Il lavoro straniero in Italia. Le buste paga più leggere della penisola toccano ai lavoratori stranieri. A parità di professione, la retribuzione mensile netta dei migranti è stata del 24 per cento in meno rispetto a quella degli italiani: rispettivamente 973 euro contro 1.286. La differenza aumenta ancora di più se si considera la retribuzione delle donne straniere, inferiore del 30 per cento. “Le disuguaglianze – spiega l’istituto – tendono a differenziarsi a livello territoriale passando da circa il 22 per cento nel nord a poco meno del 34 del Mezzogiorno”. In generale, il tasso di occupazione degli stranieri è sceso dal 64,5 per cento del 2009 al 63,1 del 2010, “un calo più che doppio in confronto a quello degli italiani”, riferiscono gli esperti Istat.
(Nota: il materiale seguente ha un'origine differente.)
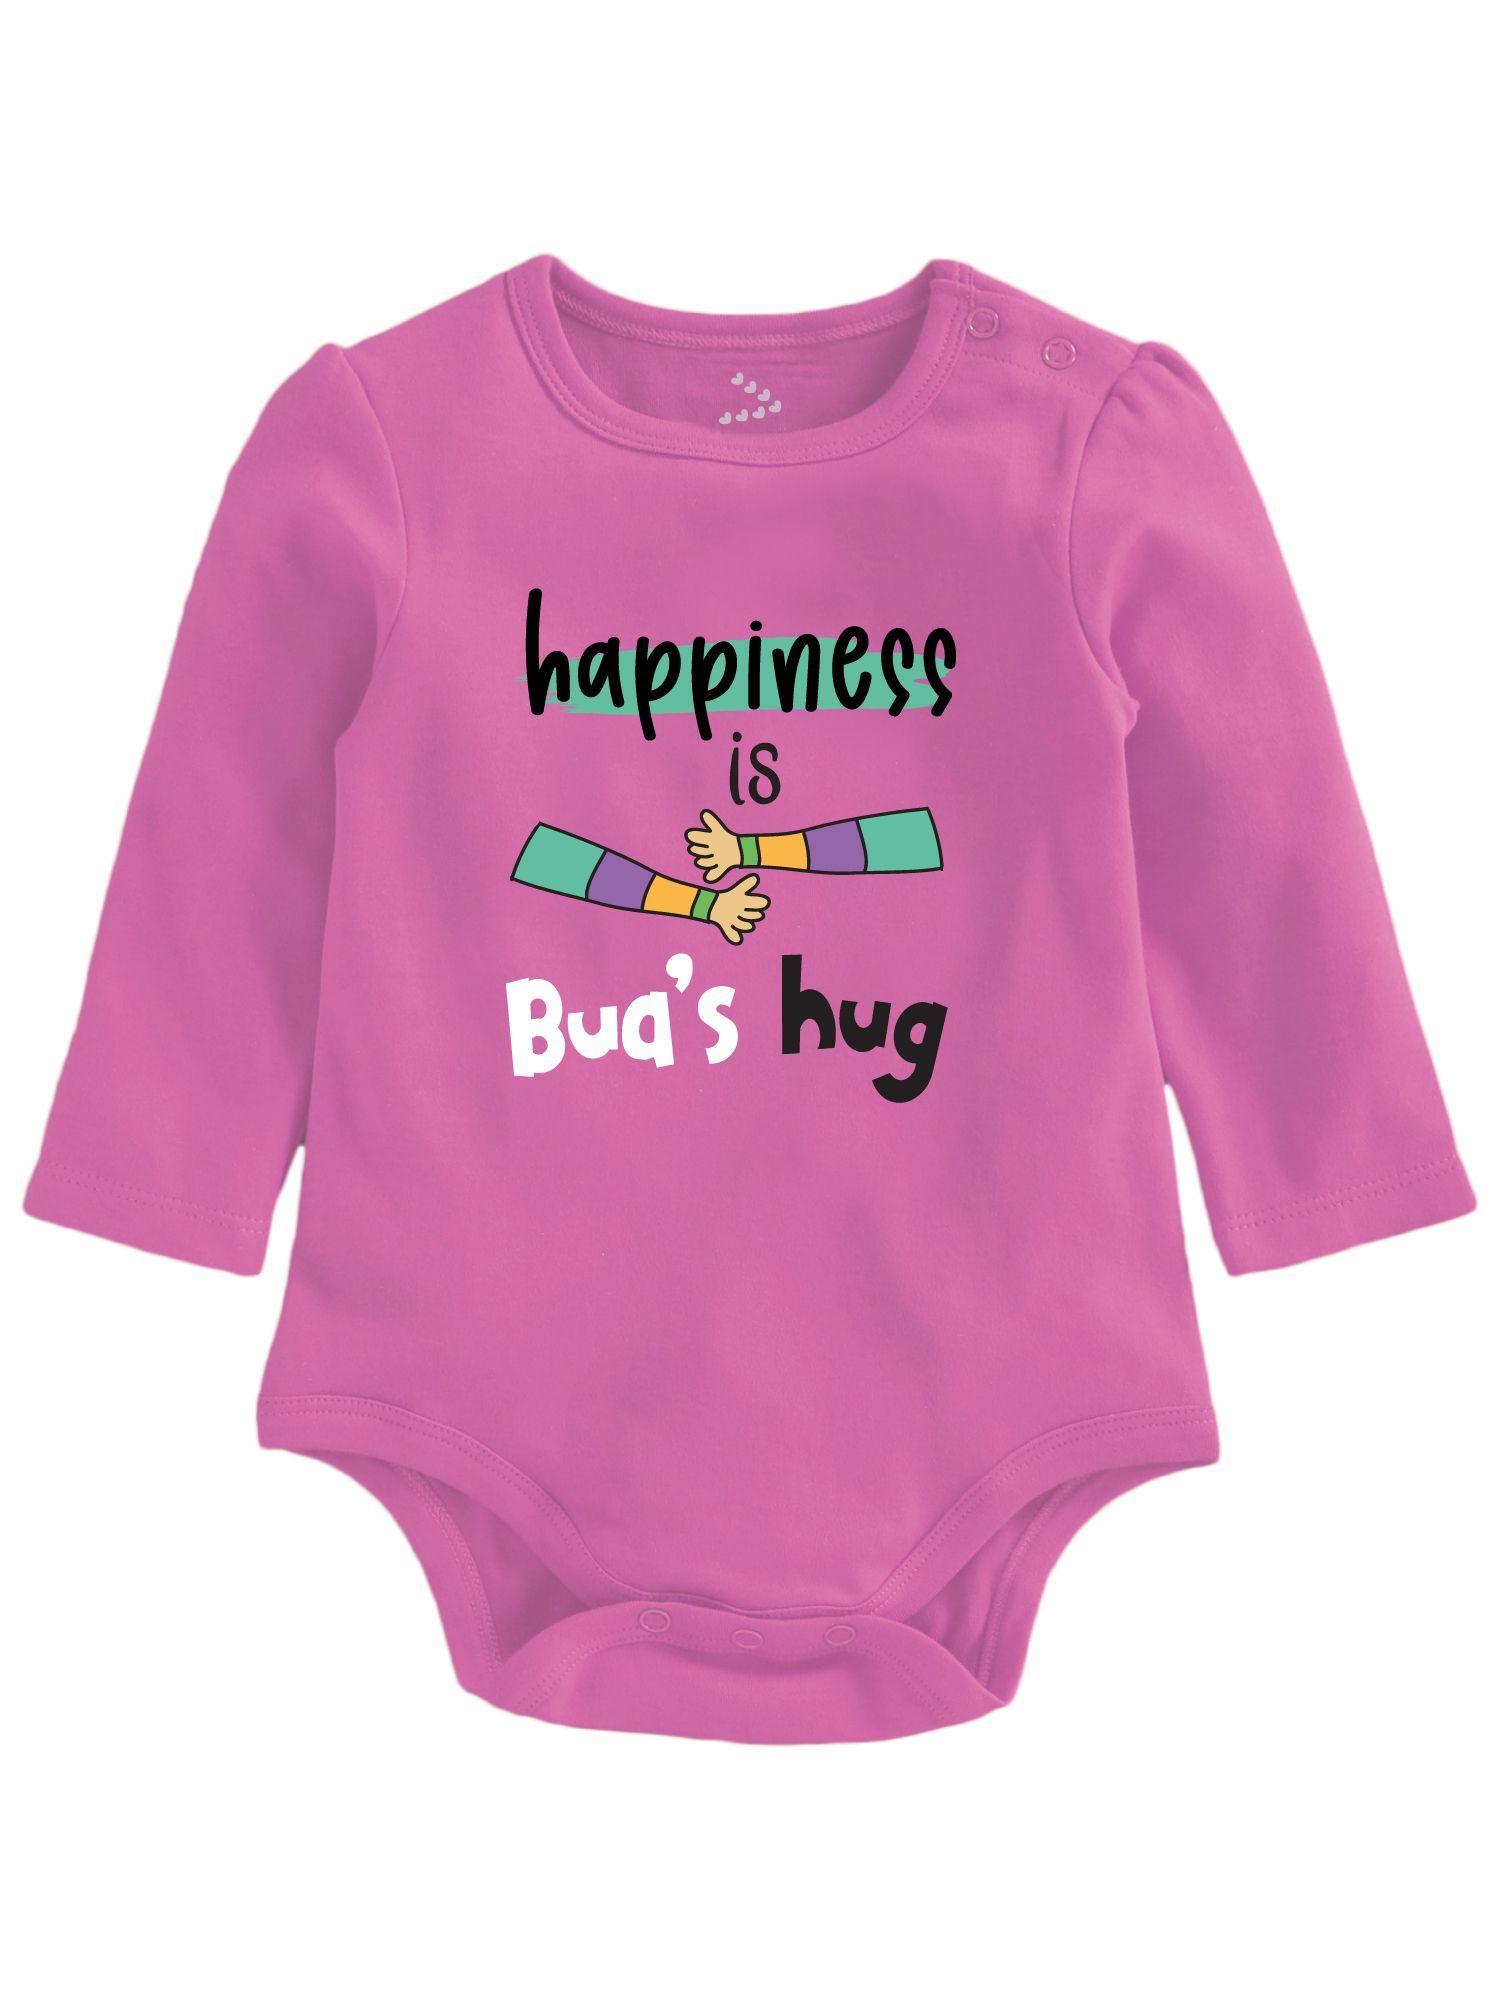 happiness-is-buas-hug-newborn-baby-romper-clothes-bua-&-baby-theme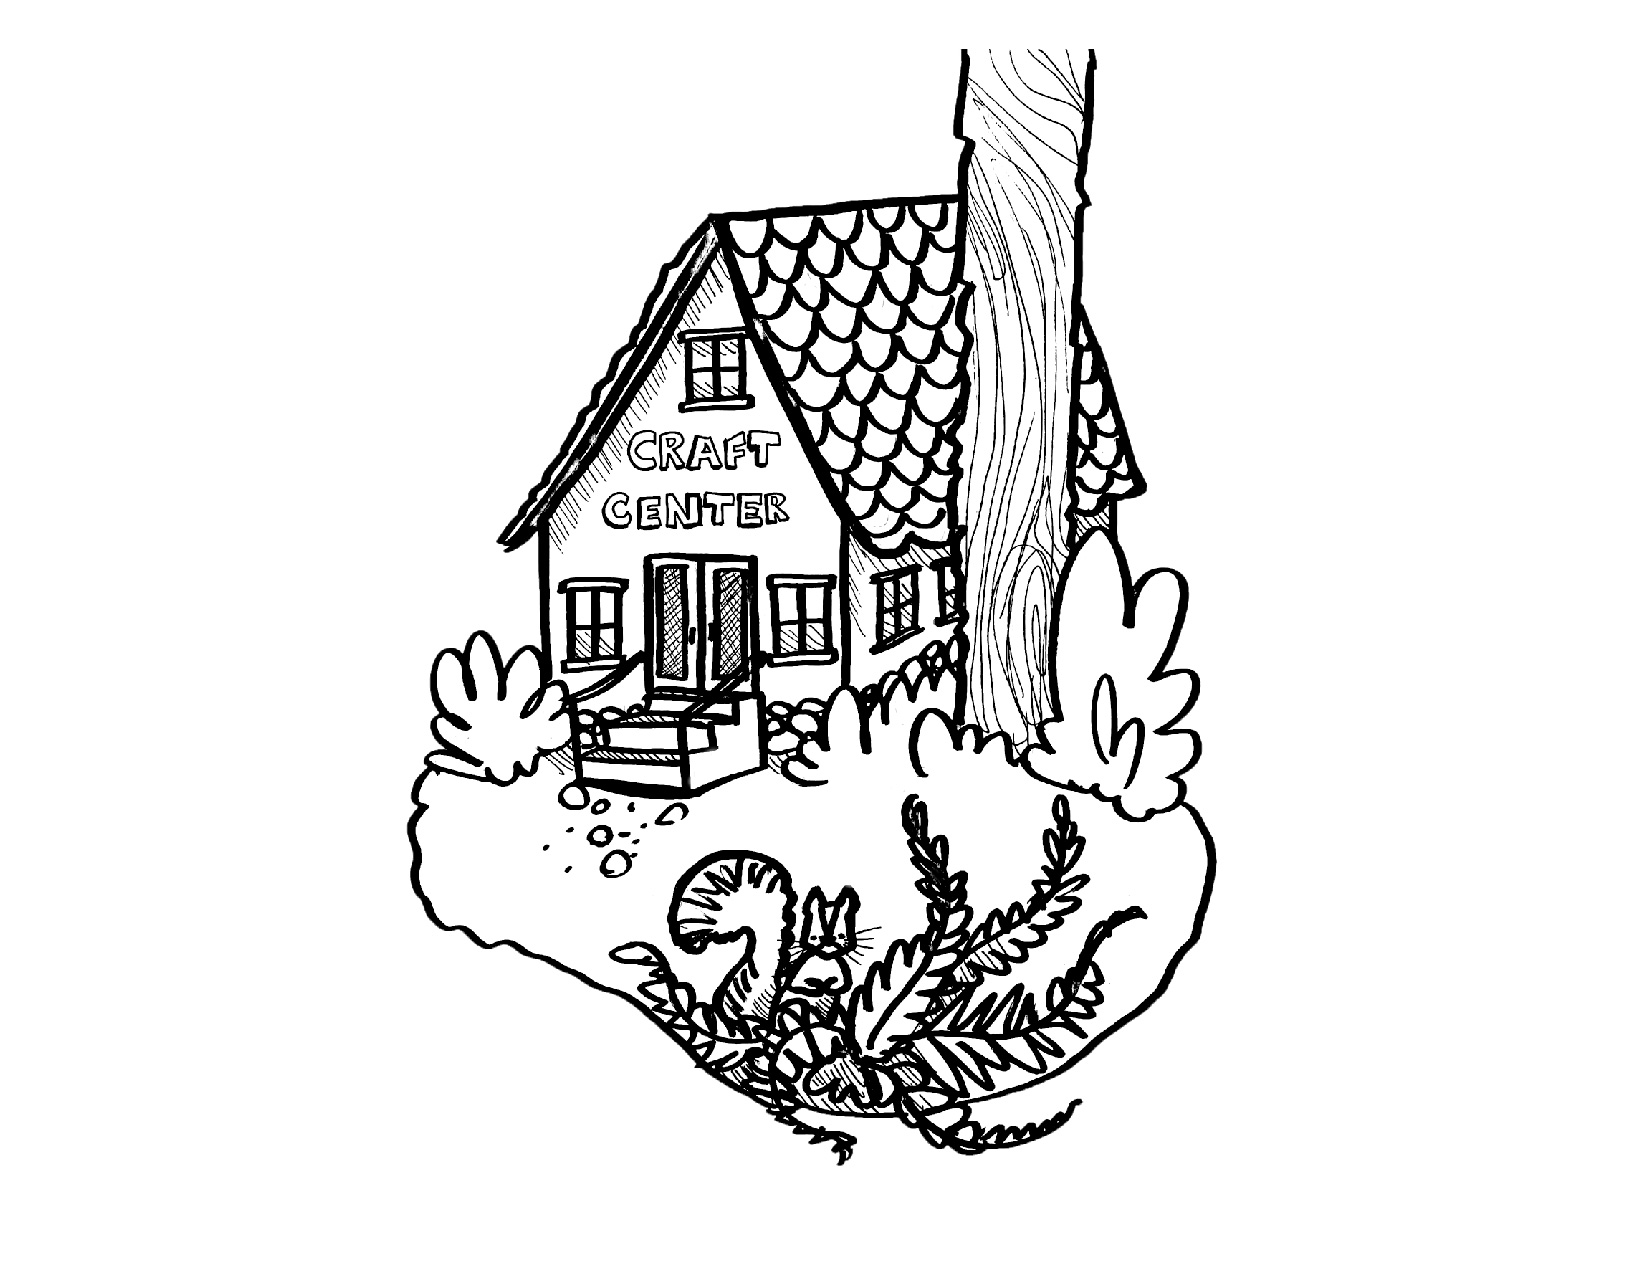 Coloring Page of a Craft Center

Allo stesso tempo, il tasso di disoccupazione è passato dall’11,2 all’11,6 per cento: la crescita dell’occupazione straniera ha riguardato però, in più della metà dei casi, le professioni non qualificate. Dal manovale edile all’addetto nelle imprese di pulizie, dal collaboratore domestico al bracciante agricolo, dall’assistente familiare al portantino. Ma, sottolinea l’Istat, “sono 880 mila gli stranieri che hanno un livello d’istruzione e un profilo culturale più elevato rispetto a quello richiesto dal lavoro svolto”. Si tratta del 42,3 per cento degli occupati: una quota più che doppia di quella degli italiani con le stesse caratteristiche.